You know, I just realized that the 68K Macs were left out.  While probably not used as much as the PPC or Intel Macs, I know I still use my *Quadra 650* (MC68040 CPU) for sequencing music as well as some MP3 streaming with MpegDec.  It's also an HTTP and FTP server.  My *PowerBook Duo 230* (MC68030 CPU) is sitting quietly in a shelf for now.


----------



## eric2006 (Dec 9, 2006)

PowerBook G4 - 1 GHz


----------



## pds (Dec 9, 2006)

MacMini 1.66 core duo is the latest. - There's also a couple of G4s, a G3, a 603 and a pair of 68k machines here in the house, all chugging along.

My "roadmap" - more of the good stuff.


----------



## BikerRob (Dec 9, 2006)

I switched from a PC to a Mac in the Spring. I bought my iBook one month before they switched to the Intel ... so, last week, after the MacBook upgrade, I bought the 2Ghz model ... and LOVE IT!


----------



## middigit (Dec 9, 2006)

Mac Mini G4 and iBook 12" G4


----------



## Rhisiart (Dec 10, 2006)

G4 800Mhz.

Will do me for now. Saving up for a new Mac, which I hope to purchase in 2009 (figuring that Intel will be well bedded by then).


----------



## mdnky (Dec 10, 2006)

MacBook Pro with a Core2Duo.  Replaced my year-old Powerbook (15" HD 1.67 G4) which is getting serviced, then sold.  Huge difference in speed.


----------



## Ferdinand (Dec 10, 2006)

rhisiart said:


> G4 800Mhz.
> 
> Will do me for now. Saving up for a new Mac, which I hope to purchase in 2009 (figuring that Intel will be well bedded by then).

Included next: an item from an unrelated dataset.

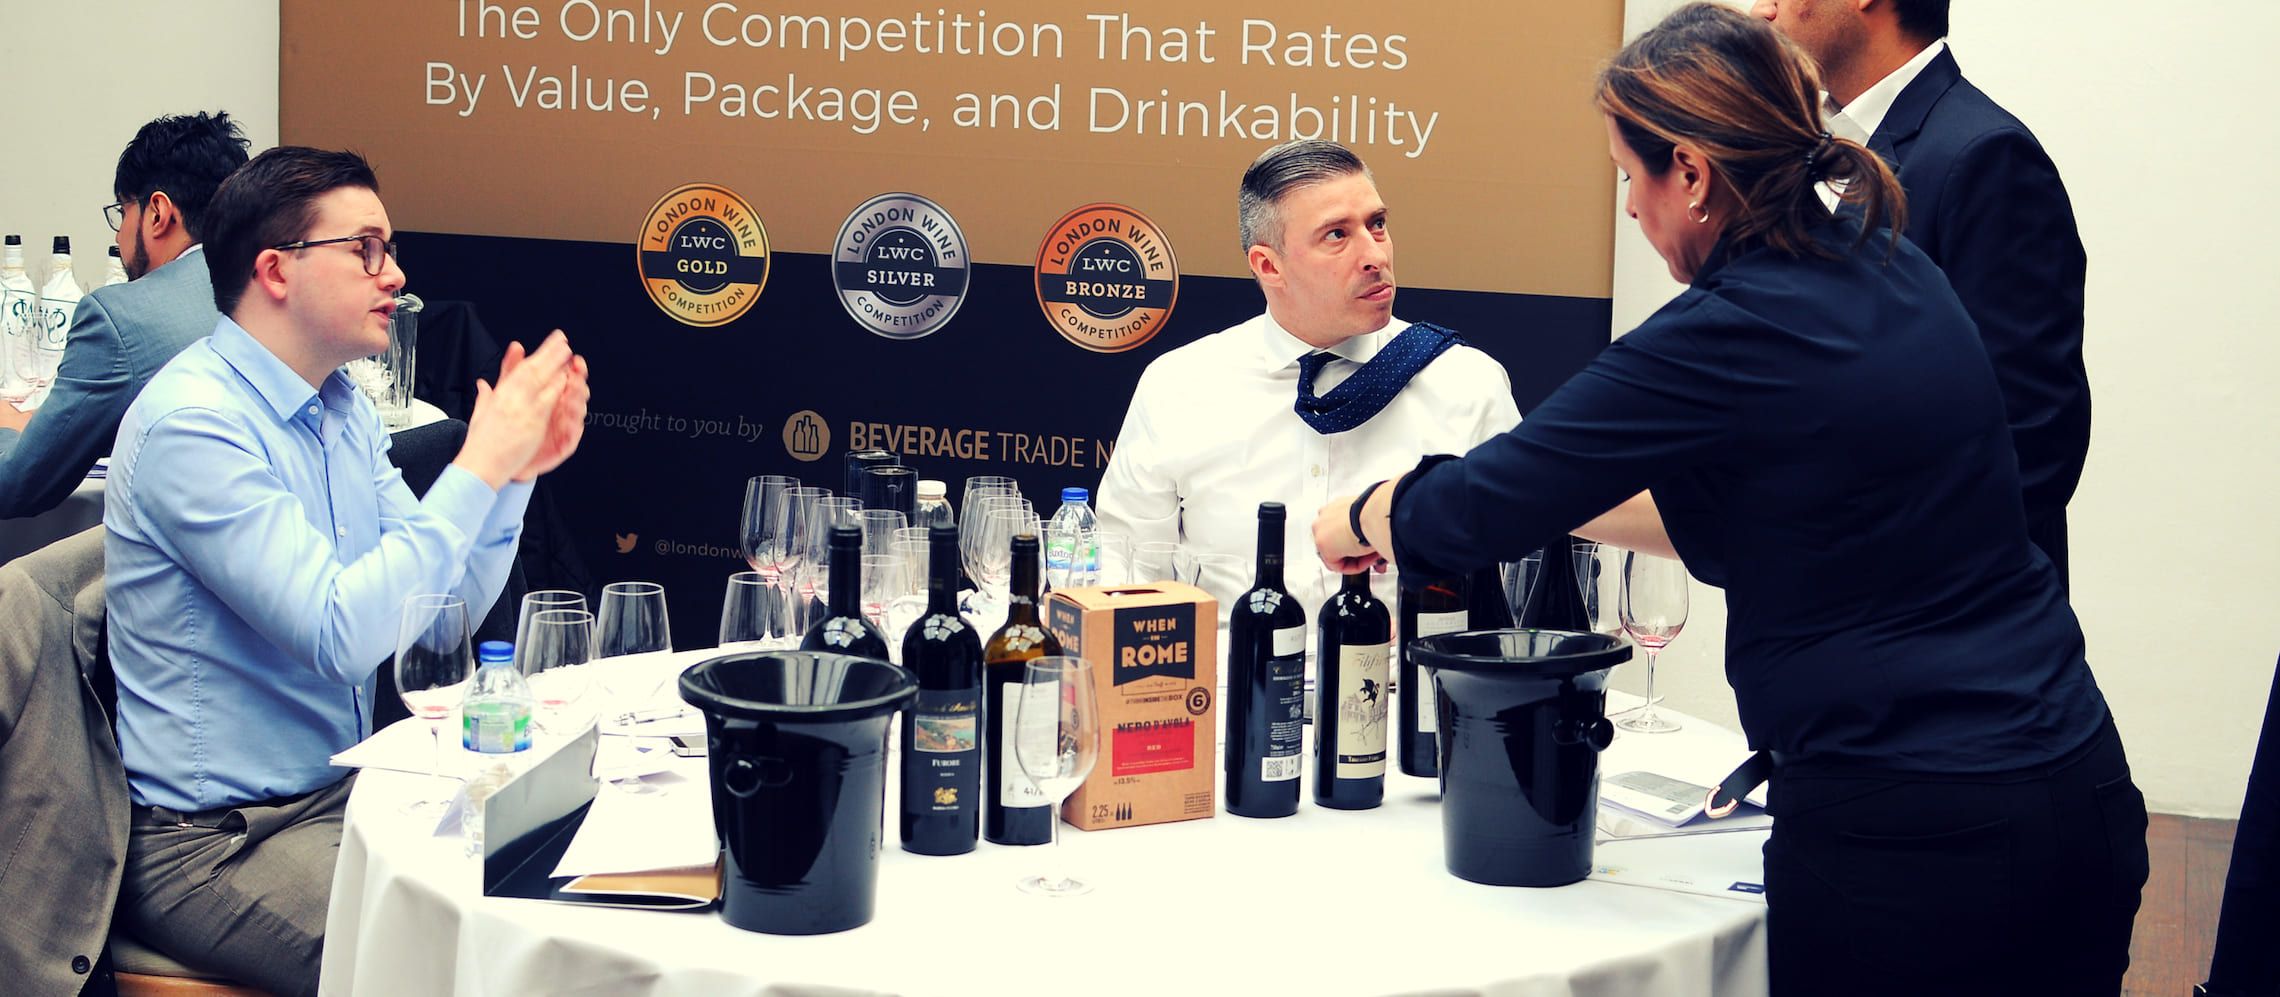 Photo for: Presentation Is Important Says The Leading Sommeliers
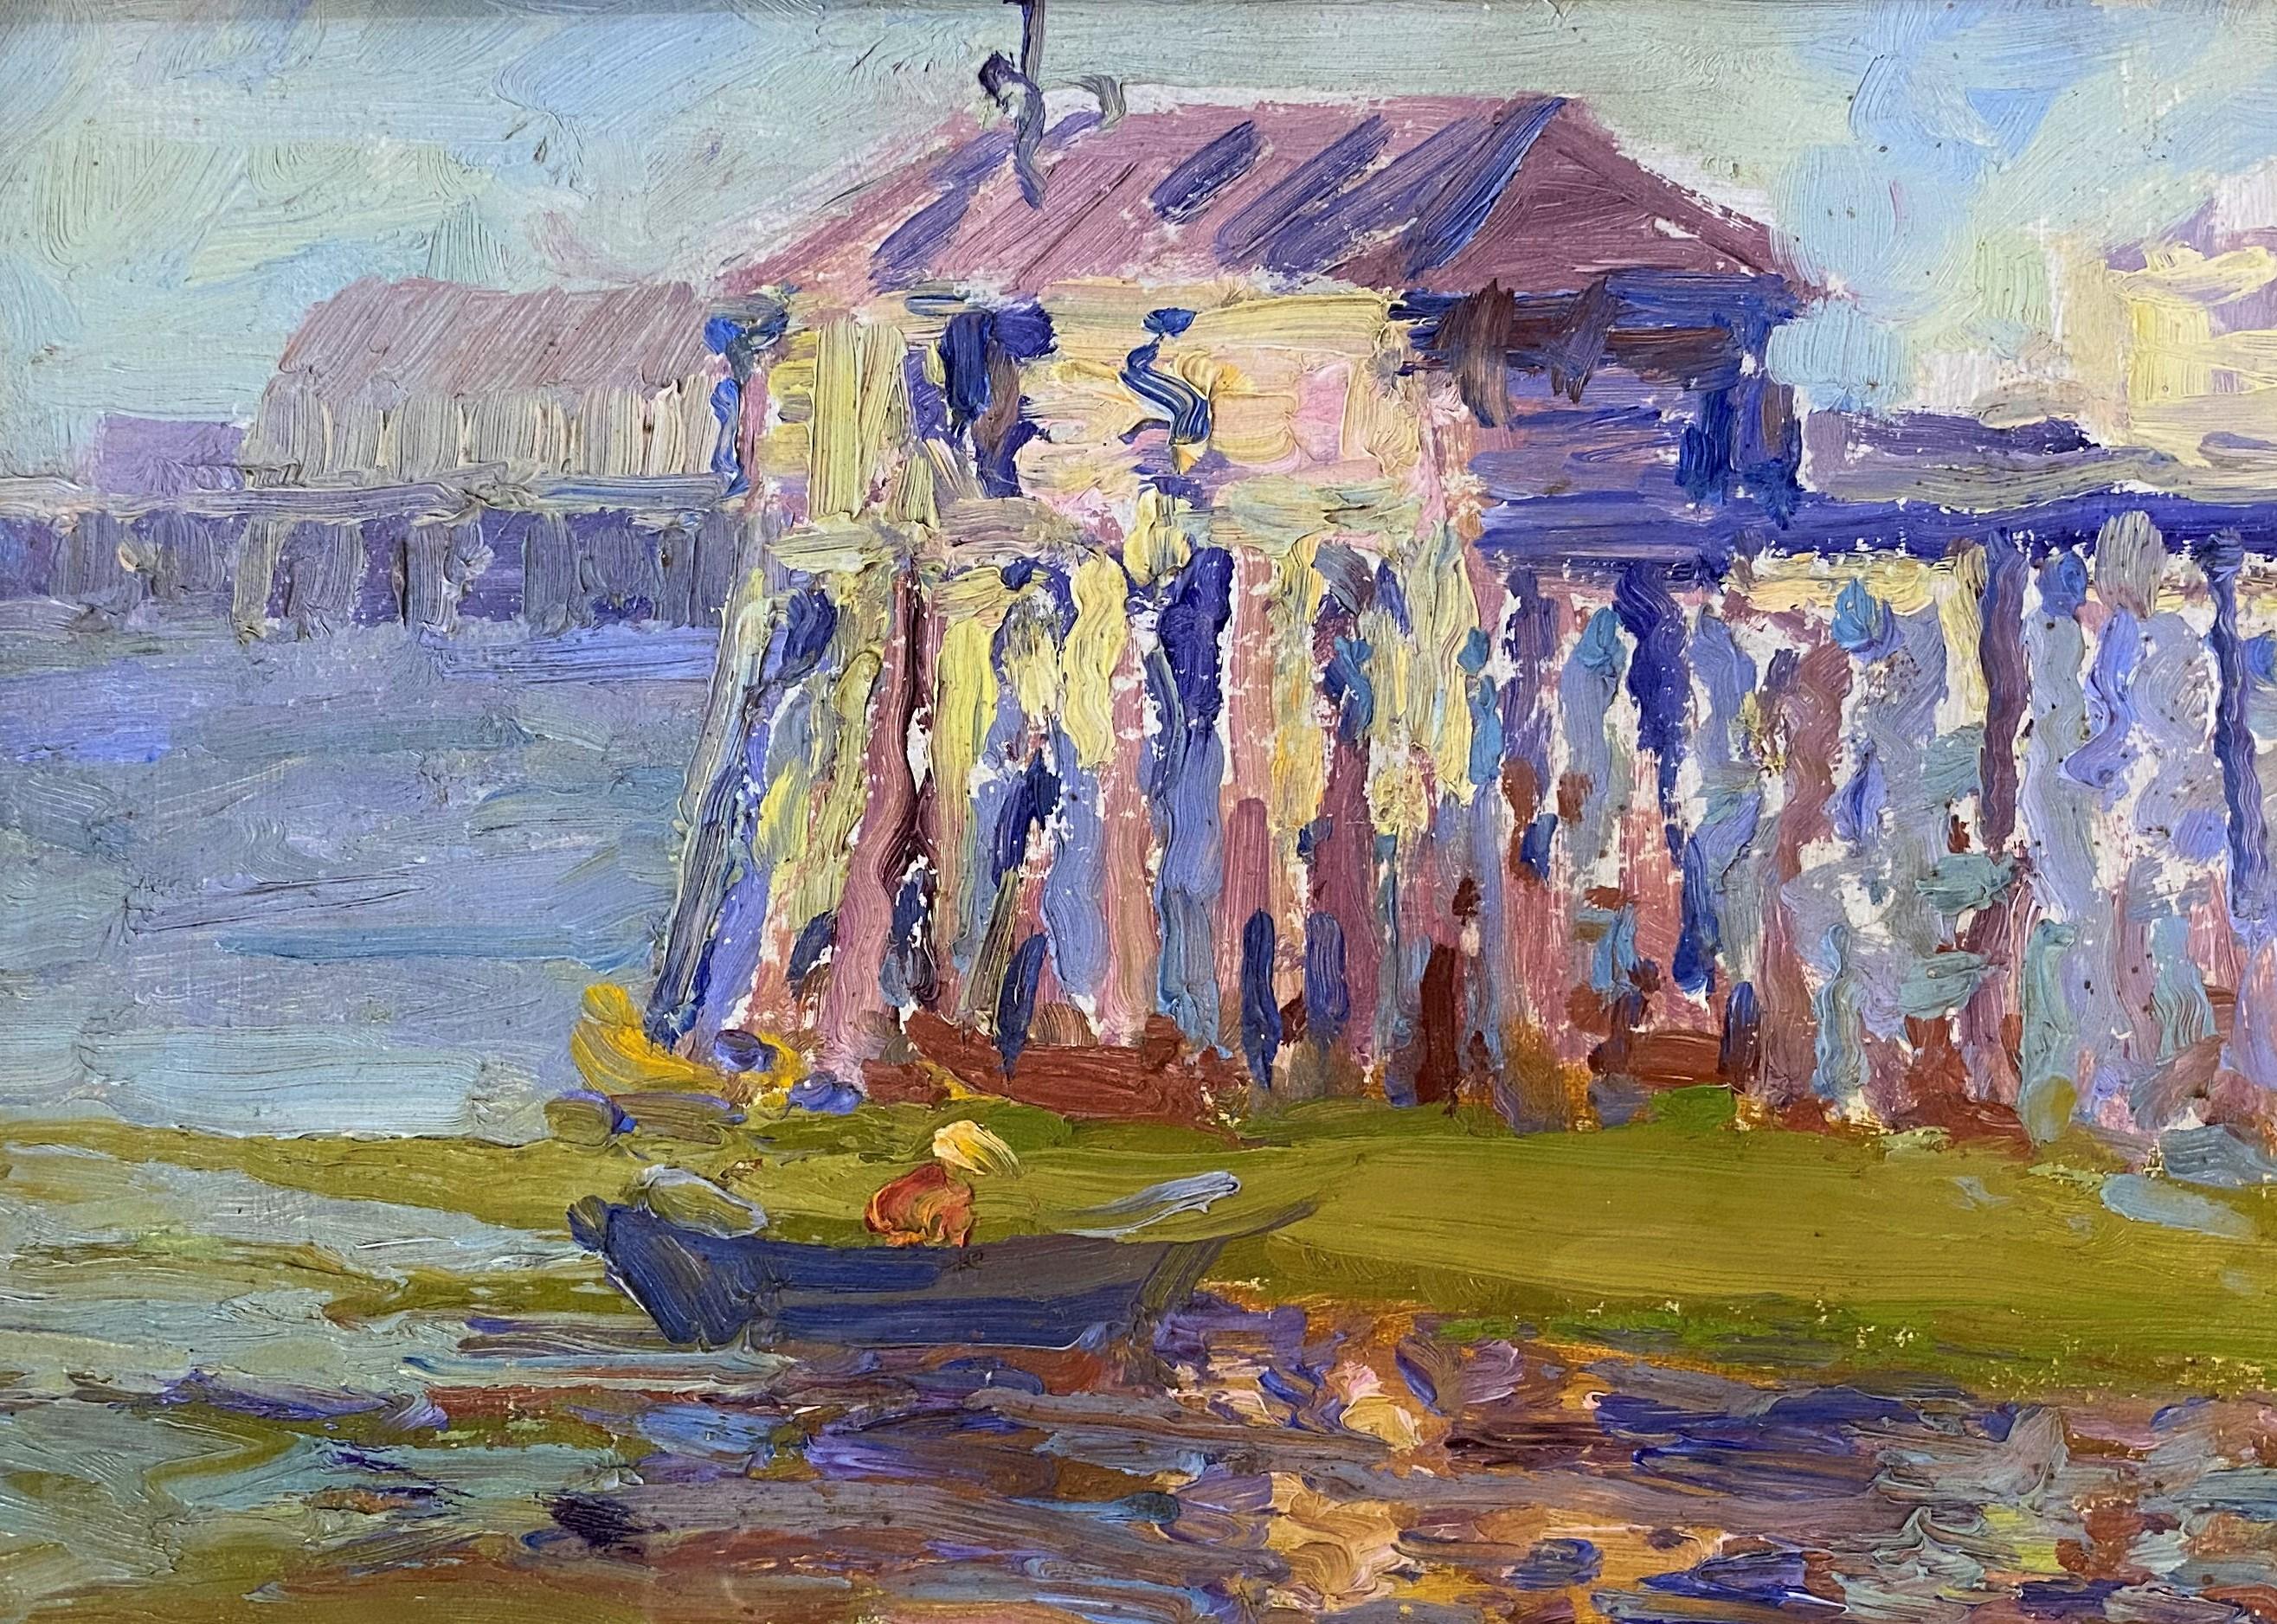 A fine impressionist coastal oil painting of Provincetown, MA by American impressionist artist Henry Rya MacGinnis (1874-1962). MacGinnis was born in Indiana and began his art studies under the Hoosier artists T.C. Steele, J.O. Adams and William

You have a  very  tidy desk!


----------



## Lt Major Burns (Dec 10, 2006)

duplicate post sorry


----------



## Lt Major Burns (Dec 10, 2006)

Ferdinand said:


> You have a  very  tidy desk!



i think my favourite thing about lcd's is that they allow the desk to be reclaimed as being a desk.  i can have A3 sketchbooks between me, my keyboard and my screen now.  that's wonderful.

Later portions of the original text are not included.